The idea of trans-national energy collaboration in the region is not new, with several projects already underway or proposed. These include the EL-WIND project co-developed by Estonia and Latvia, aiming to deliver 1 GW of offshore capacity; the 700 MW EstLink 3 interconnector; the 700 MW HarmonyLink HVDC connector; and the 500-1000 MW LitPol link co-developed by Poland and Lithuania. A shared Bulgaria-Romania energy island is also being discussed, with up to 3 GW of offshore wind capacity, and a ‘Black-Sea Corridor’ shared grid expansion project is already underway. Another energy island concept between Poland, Sweden and Lithuania was proposed, following the many examples being developed in Western Europe such as the Bornholm Energy Island on the Baltic Sea. A precedent for cross-border renewables investments has also been made recently, with Luxembourg and Finland planning a cross-border tender for renewable energy. Similar tenders could help co-finance investments in countries where the wind or solar potential exceeds the host country’s financing capabilities.

Expanding connection

More interconnections can improve the integration of offshore wind electricity across the region, and the transfer of clean power into high demand areas. At the moment, interconnections within the CEE region constitute only 13% of the EU’s internal interconnection capacity. Our modelling shows that additional interconnection capacity in the region further reduces power prices and improves the integration of wind and solar by lowering energy curtailment.

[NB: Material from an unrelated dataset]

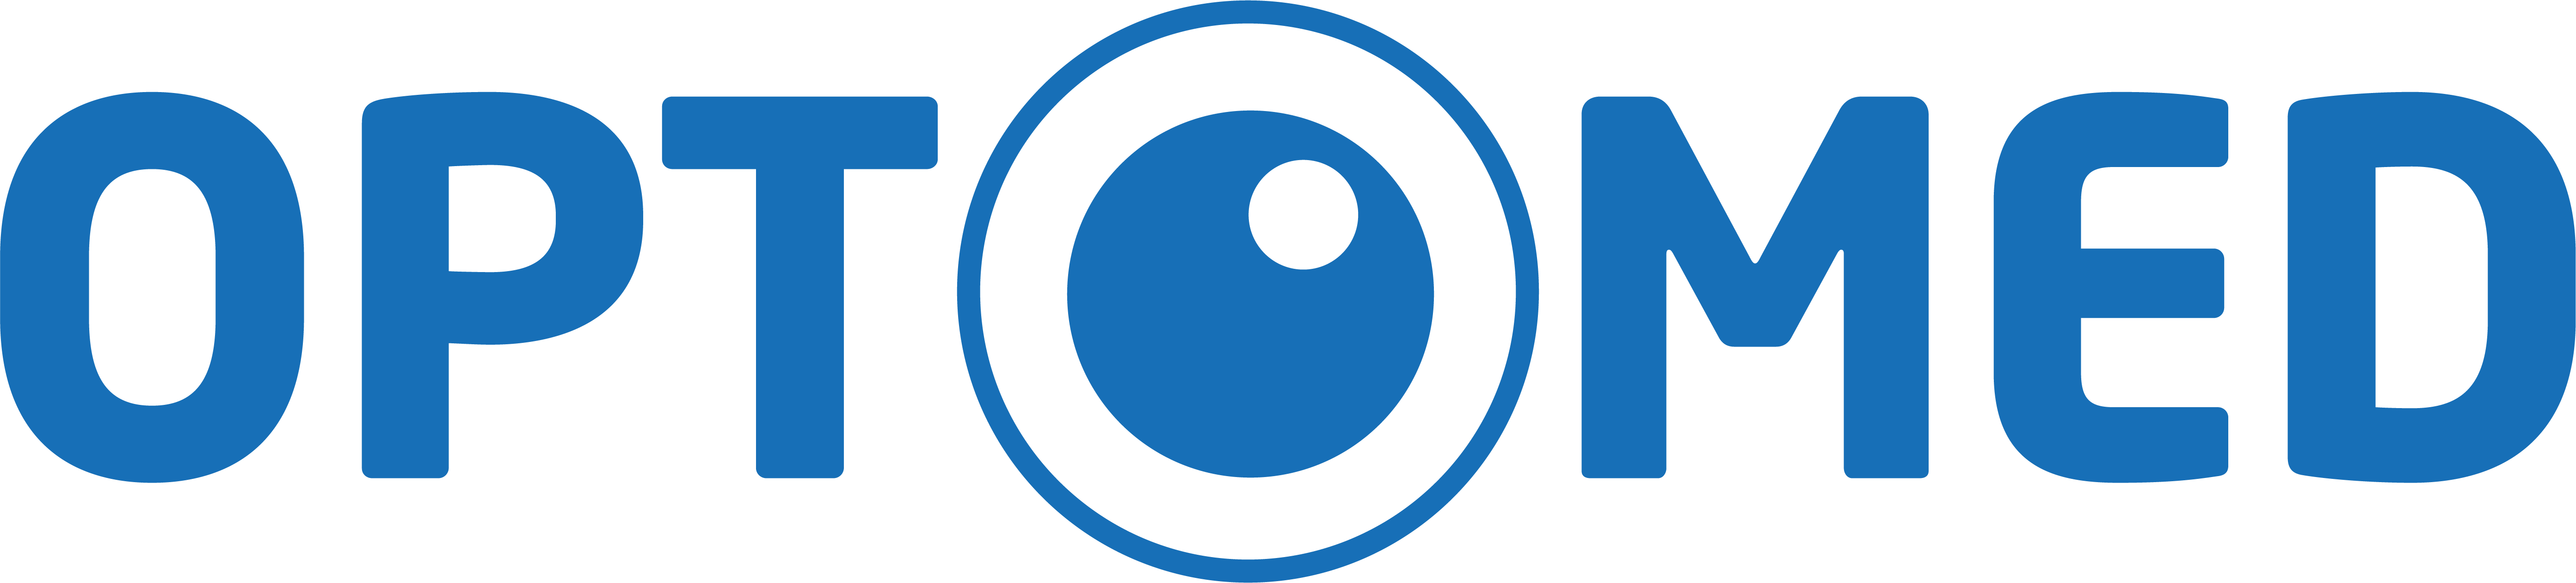 OPTOMED_logo

There is funding available for more ambitious grid expansion too. The cross-border grid projects can benefit from EU funding under the Connecting Europe Facility, with a €5.8 billion budget between 2021 and 2027, as well as funding from the European Investment Bank. Financial support for grid projects is also available under the Modernisation Fund (25% of the €14 billion budget) or the Recovery and Resilience Fund (between €5.1 and €6.8 billion). 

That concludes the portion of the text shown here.